== Data ==
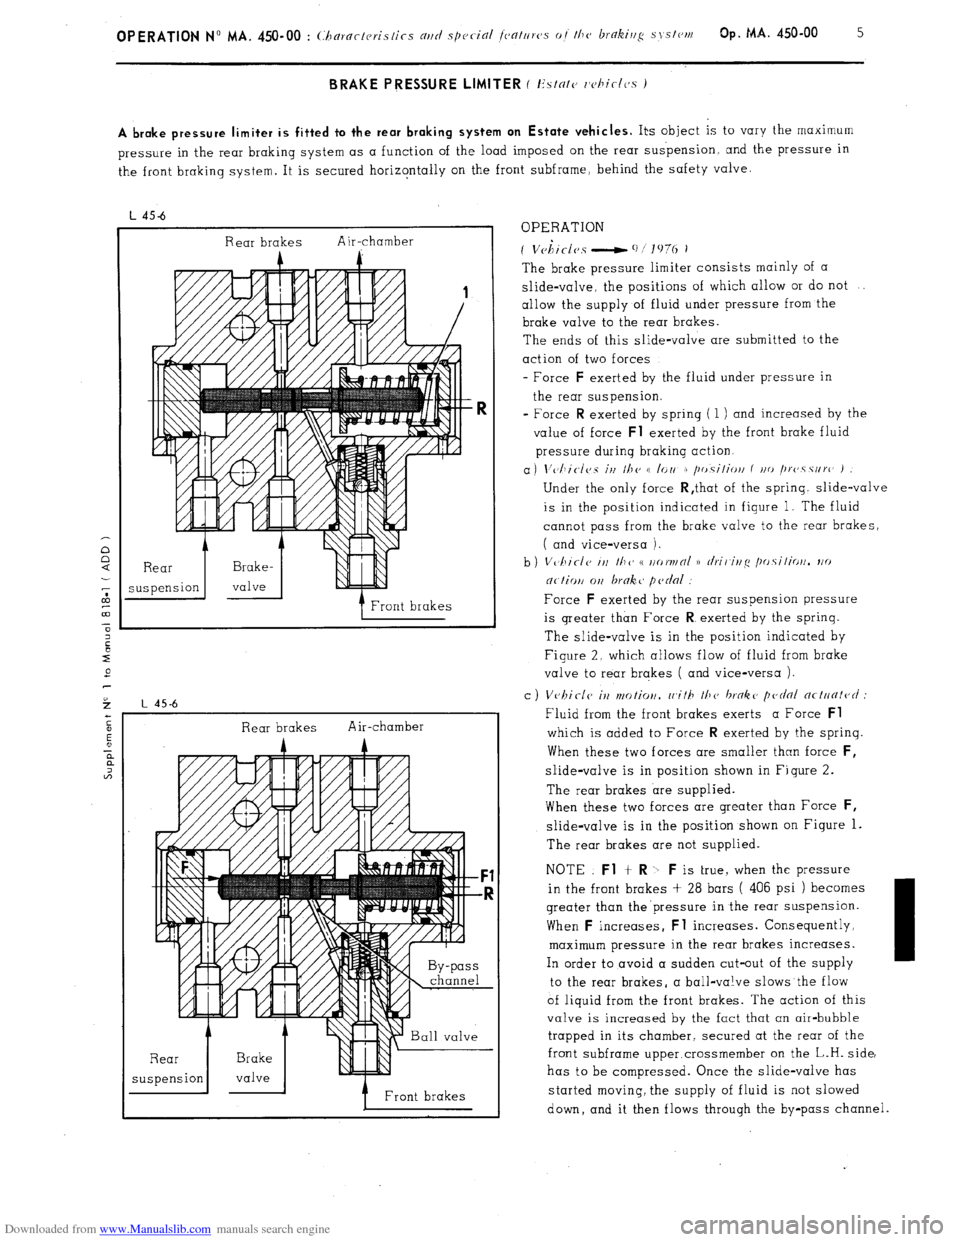 Citroen CX 1982 1.G Workshop Manual Downloaded from www.Manualslib.com manuals search engine OPERATION No MA. 450-00 : Ch nrnclcrislics ortd sp~~c-i~l (c~c~trlrc>s 01 the hokiug S SI~IN Op. MA. 450.00 5 
A brake pressure limiter is fitt
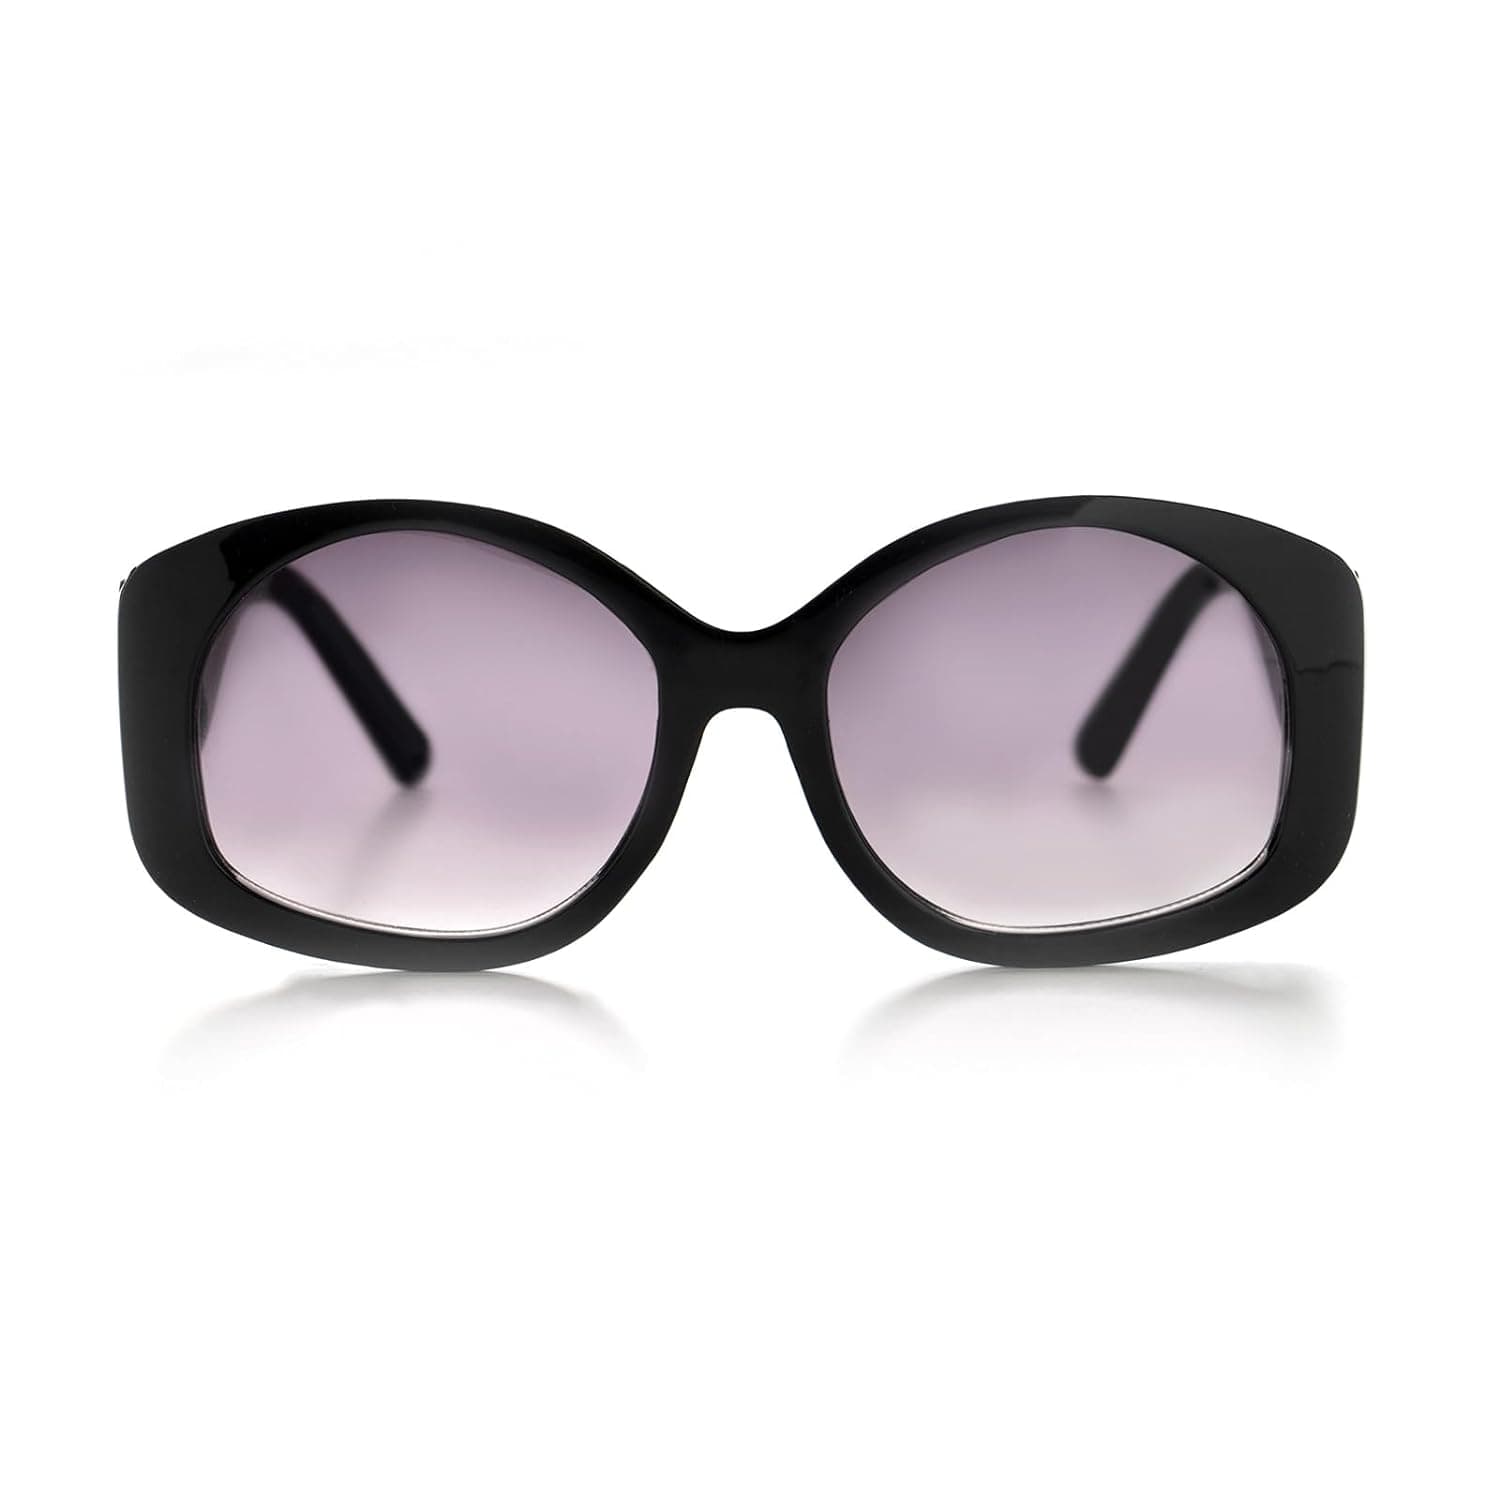 Optimum Optical Sunglasses-Allure/Cabana Bae - Infinity Raine

== About this exercise ==
After removing the pictures, transcribe the listing above exactly.

== Solution to the problem ==
 Citroen CX 1982 1.G Workshop Manual Downloaded from www.Manualslib.com manuals search engine OPERATION No MA. 450-00 : Ch nrnclcrislics ortd sp~~c-i~l (c~c~trlrc>s 01 the hokiug S SI~IN Op. MA. 450.00 5 
A brake pressure limiter is fitt
 Optimum Optical Sunglasses-Allure/Cabana Bae - Infinity Raine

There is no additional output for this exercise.